Speakers from companies like Slack, IBM, Okta, Docker and Intrinsic come together twice a year to give highly-technical talks about JavaScript, software and culture, delivered live and distributed for free online.
Below, five popular talks about JavaScript from the last event that have just been published:
Tomomi Imura of Slack discusses the shift in application design from web and mobile interfaces to the expanding fields of bots and AI. How will your application interact with these new interfaces, whether the end consumer is a human or an API?
Randall Degges of Okta gave a comprehensive and controversial talk about how JWTs are inferior to session cookies. He covers recent JWT security vulnerabilities, OWASP recommendations for local storage, regulatory compliance and potential CSRF issues.
Okta Developers recently hosted the developer-focused Iterate conference, and you can find those videos on the Okta Developers YouTube channel.
Thomas Hunter II walks us through the history and future of asynchronous code in JS, covering callbacks, promises, generators/yield and async/await. His analysis includes error handling, promise rejection, browser support, code refactoring and API promisification.

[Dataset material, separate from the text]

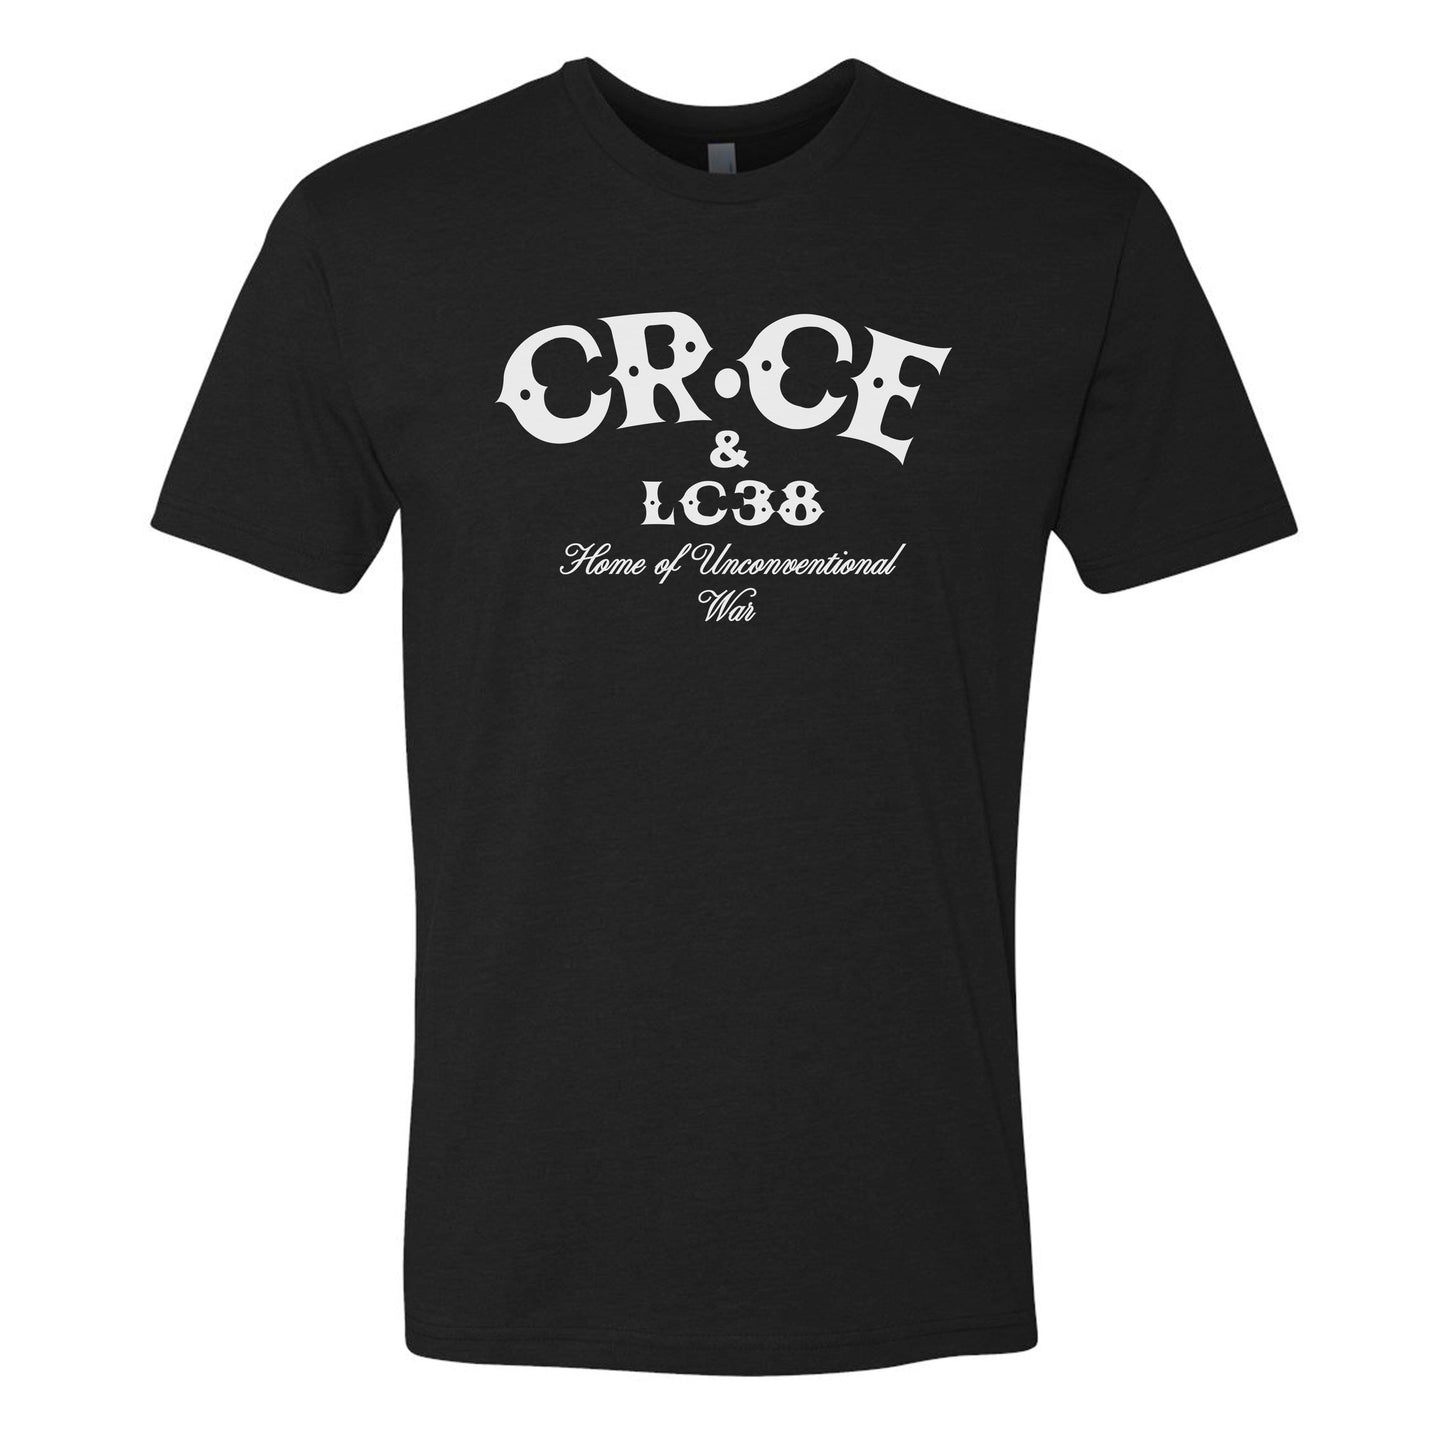 CBGB's shirt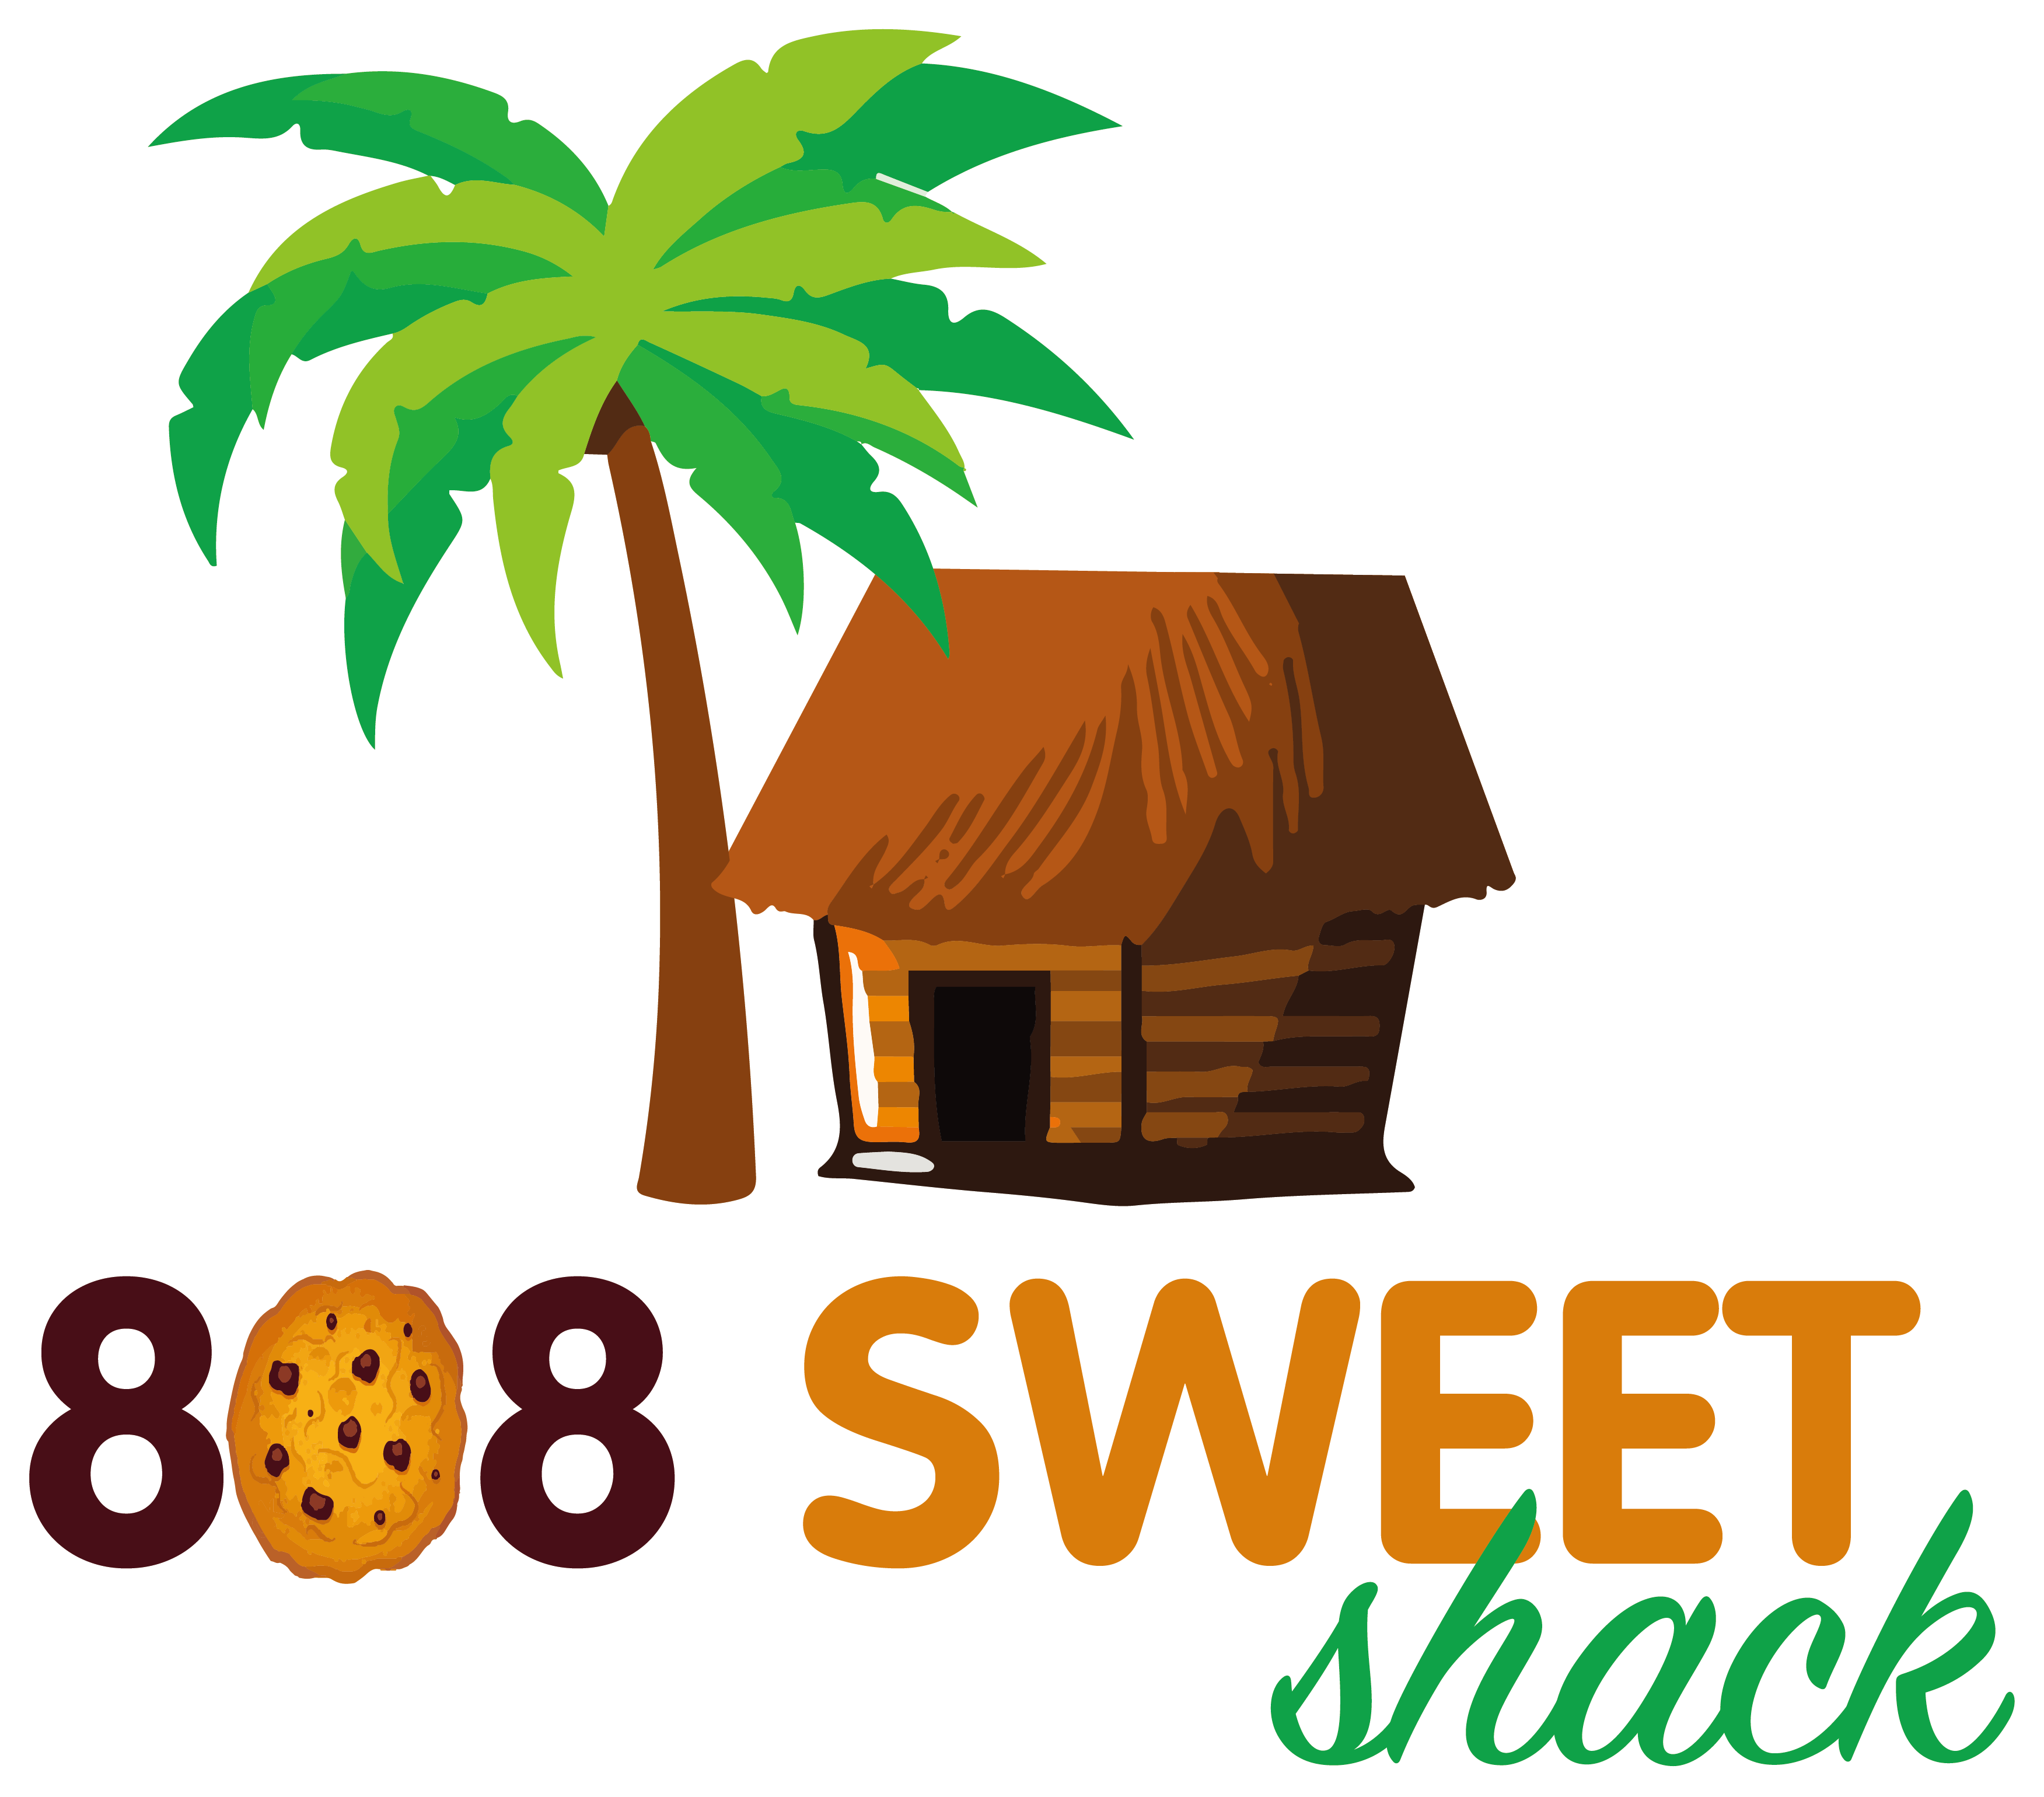 808 Sweet Shack

Erin McKean of IBM starts with the basics of JS arrays and their helper functions, as well as the catches and gotchas that trip up entry-level as well as more experienced developers. Those new to JavaScript will get a great overview of how arrays are handled; more experienced developers will be introduced to edge cases with nulls, length, and new ES6 features.
Rogelio Guzman of Docker discusses Jest, an easy-to-setup JavaScript testing framework, and how to cherry-pick testing features and integrating your test tooling on top of Jest. Using existing legacy test frameworks and codebases, cherry-picked Jest features can simplify your testing infrastructure without rewriting it.